Nature NSW – Autumn 2021

Spiralling away, local losses in a global crisis

Gary Dunnett, Executive Officer

The more familiar you become with a park the more it divides a series of connected places, all with their own special characteristics.  Royal is my local national park – in fact the suburb I live in was originally part of the park before it was excised in a land swap in the late 1800s.  One of my favourite places in Royal is the Basin, an area of roughly sixty hectares of mangrove forest, sandflats and tidal creek.  I have a deep personal attachment to the Basin, built on childhood camping holidays, family picnics and days spent exploring the sandy swimming holes and oyster encrusted mangroves.  It was the natural choice when it came time to introduce my own kids to the joys of mask and snorkel. 

I few years ago I did a photographic project documenting the amazing diversity of wildlife that lives in the Basin.  I saw all the estuary staples like whiting, bream, flathead, blue swimmer and fiddler crabs, but the more I looked the more wildlife came to light.  My two favourites were the Southern Dumpling Squid, a tiny predator that roams the submerged mangrove roots at night hunting for shrimp and unwary fish, and the Sea Hare, a strangely charismatic ‘sea slug’ that emits a cloud of purple dye if disturbed.  
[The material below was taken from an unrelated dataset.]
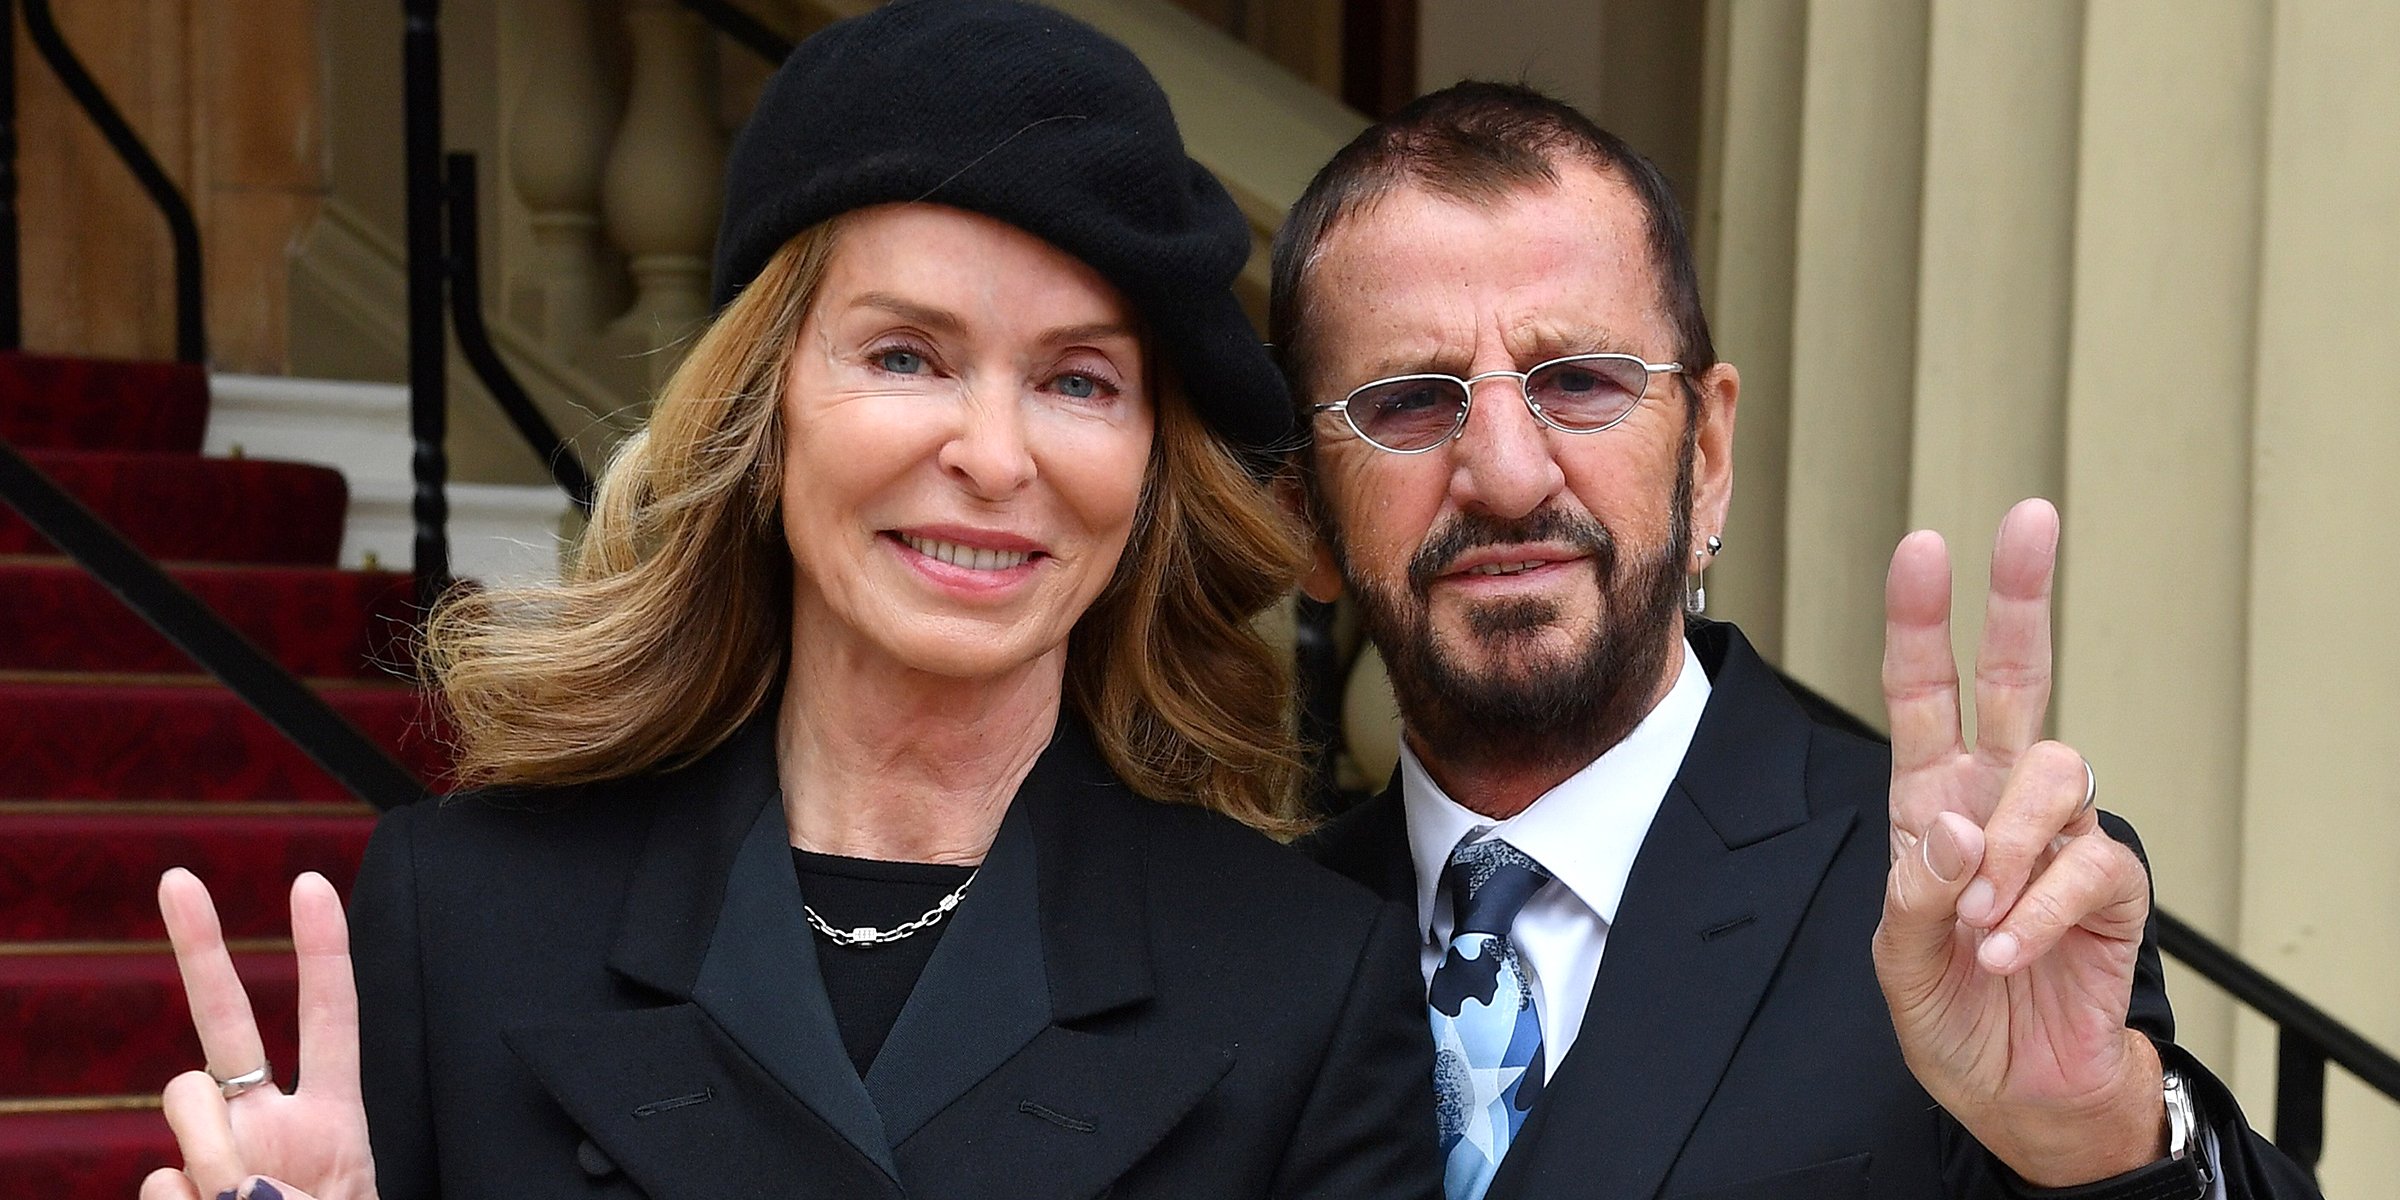 Barbara Bach and Ringo Starr, 2018 I Source: Getty Images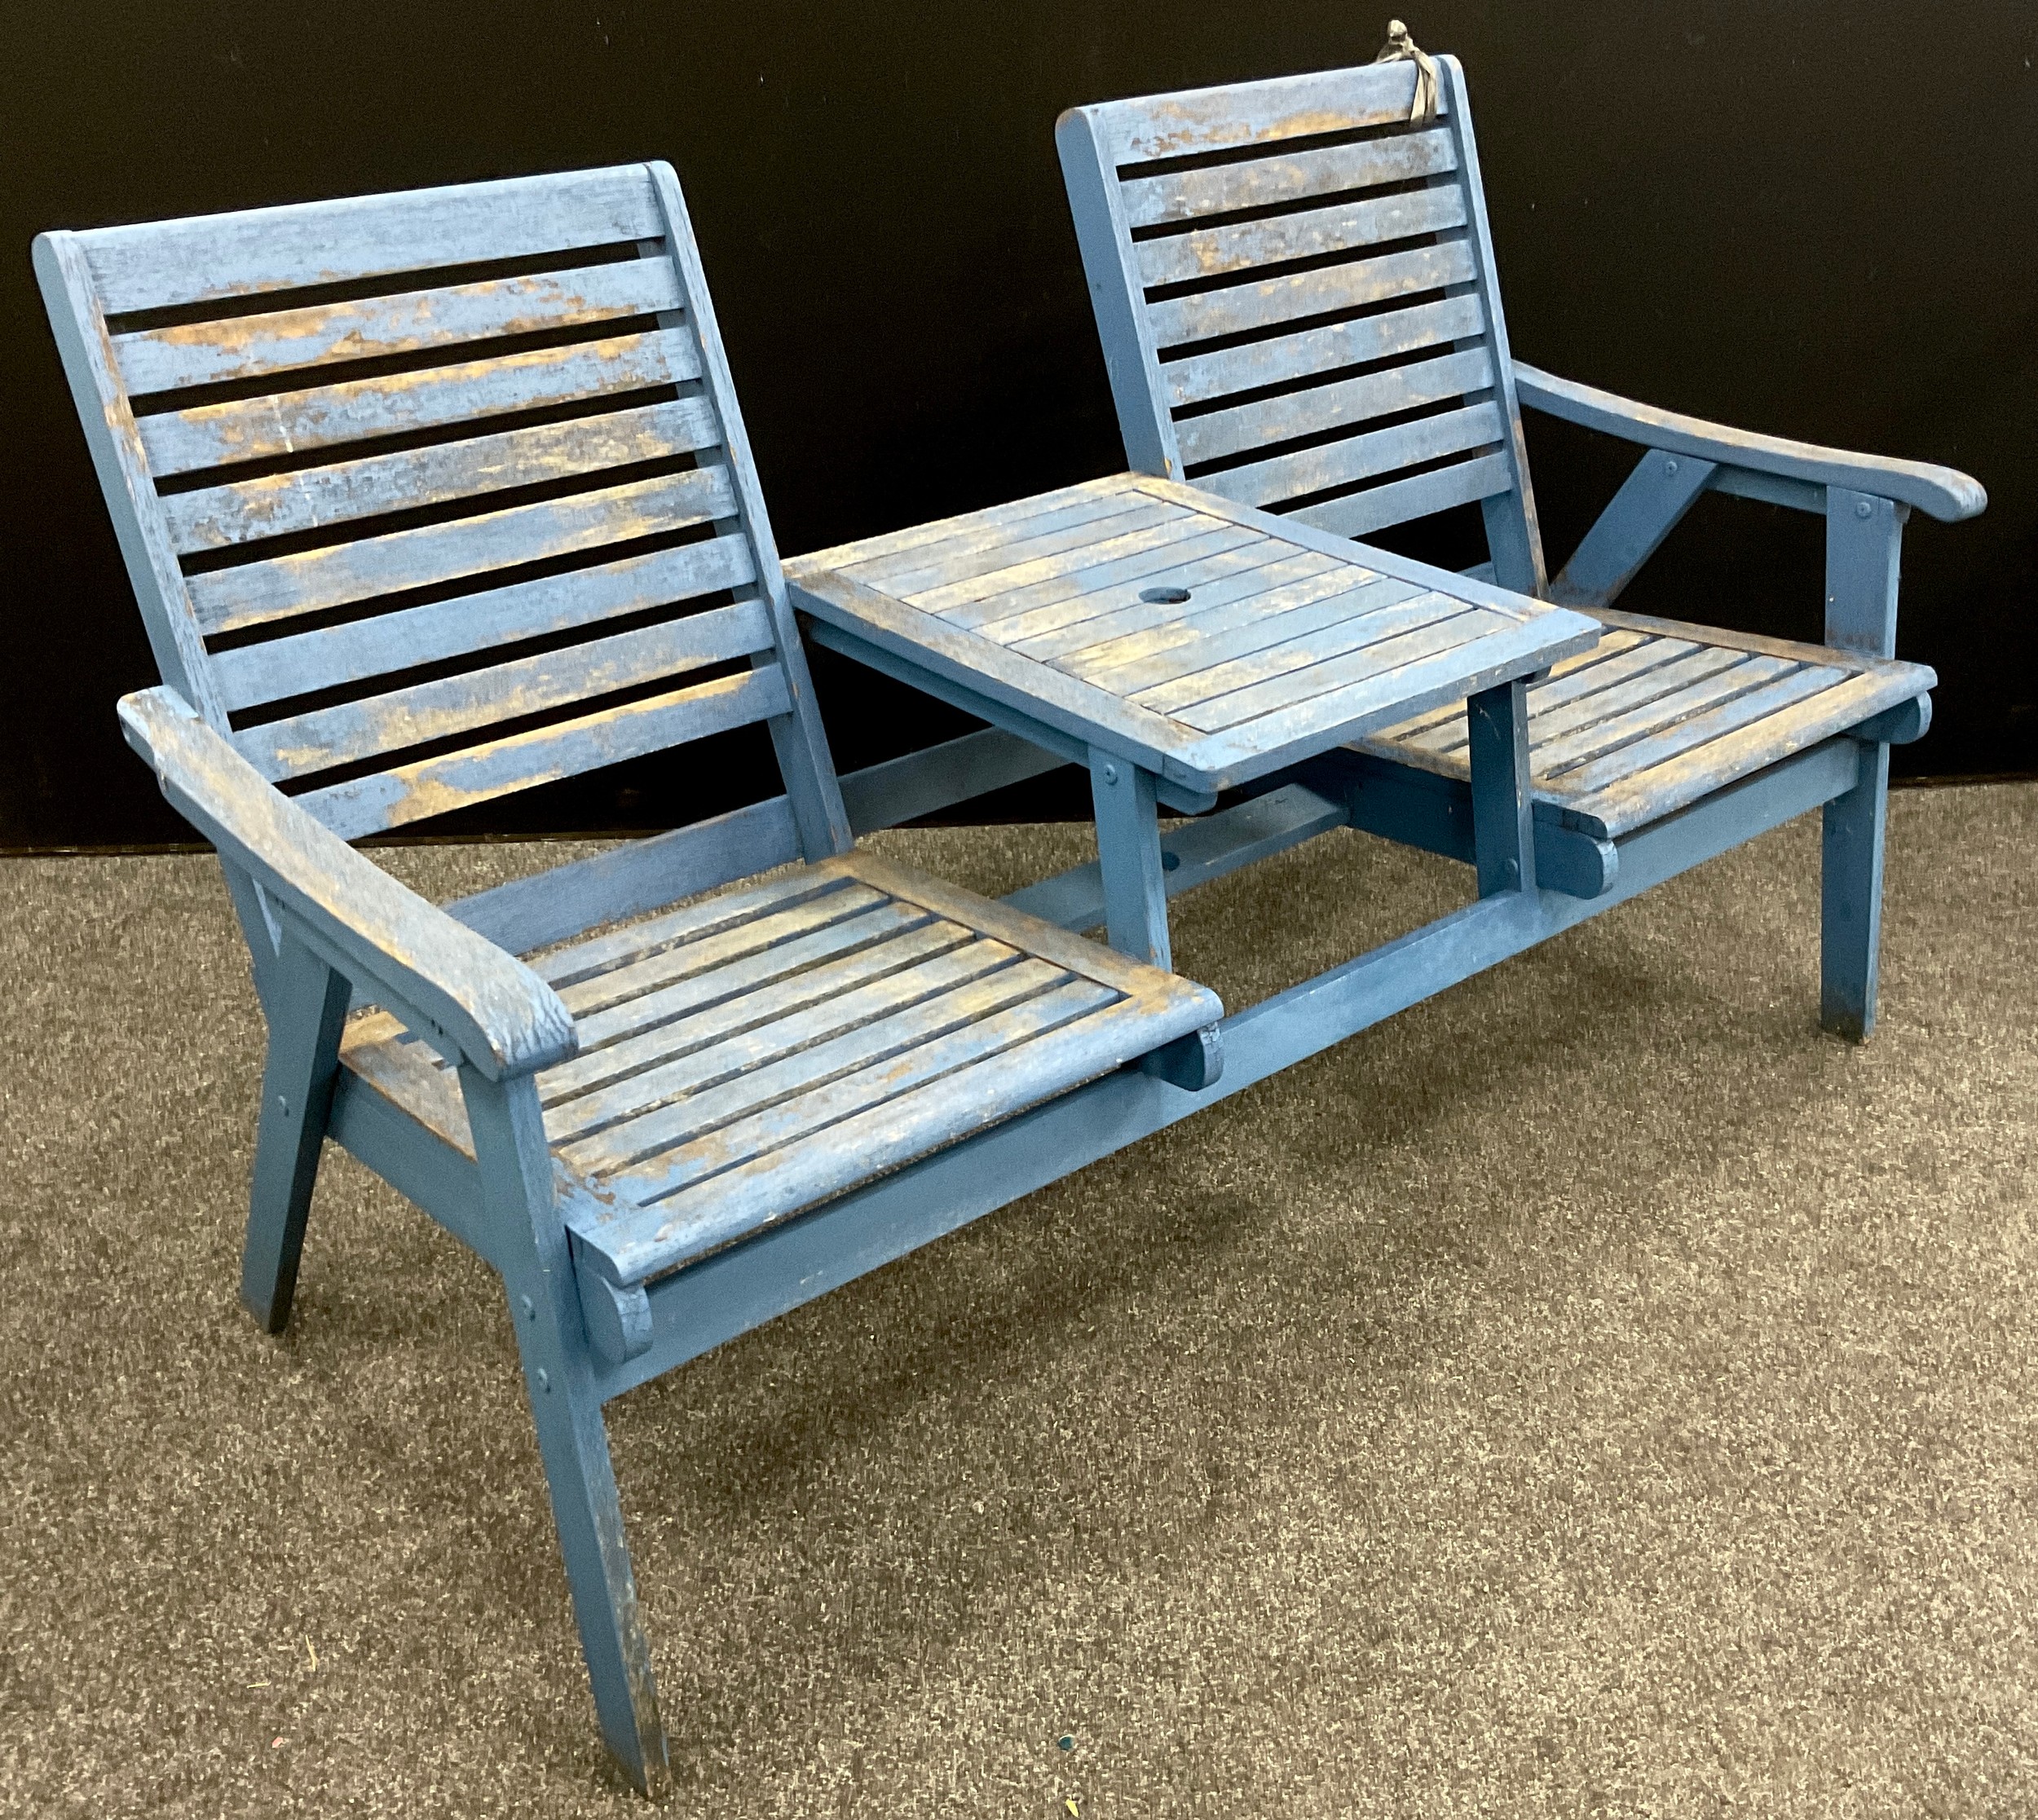 Garden Furniture - a two seater garden bench, the centre section with table divider, approx 92cm x

The project can be viewed (I’d suggest as a slideshow, look for the ‘triangle in a box’ symbol) at

It is against this somewhat less than objective backdrop that I’ve been watching with increasing horror as the once magnificent mangroves of the Basin have turned into stark white skeletons over the last year.  It is hard to tell from water level, but I’d estimate that as much as 40% of the mangrove forest has died over this time.  It’s not just the young or old trees, with individuals of all sizes going and both of the local mangrove species.  When I put on a mask, the scale of the problem simply increases, with once extensive seagrass beds smothered by mobile sands along with the muddy banks that attracted blennies, gobies and even the occasional mud crab. 

The thing that shocks me most about the apparent collapse of this once productive system is that it has happened so quickly.  NPA has contacted NPWS and the wetland scientists in the Department of Planning, Industry and Environment asking for an urgent investigation.  There are a few obvious candidates for the massive dieback, including browsing of mangrove foliage by the feral Rusa Deer that infest the park, the change in channel patterns that was triggered by the major storms earlier in 2020, or excessive heating of the shallow waters during last summer’s record-breaking heatwaves.  I suspect that the heat waves basically cooked the forest, with the others acting as contributing factors, but the issue clearly warrants careful investigation.

It is entirely possible that the ecosystem collapse that is happening at the Basin is purely a matter of local factors that have little or no implications for the rest of our protected areas.  I genuinely hope that such proves to be the case.  Unfortunately, if there is anything the last summer told us, it is that the world is changing, and we cannot assume our climate, weather and environment will remain stable. 

This suggests a new type of vigilance by NPA members.  We need to be alert for more than the development proposals, poor practices or outright vandalism that degrades our parks and reserves, and keep an eye out for the ‘intact’ places that are showing signs of ecological damage or even collapse.  It is not a joyful task, yet identifying the local manifestations of climate change is incredibly important.  It helps to reinforce the momentum towards global action, and also offers the opportunity to enact local actions to mitigate or adapt to the emerging problems.  Adaptation is not an excuse for global inaction, but it will prove essential for the survival of many precious places.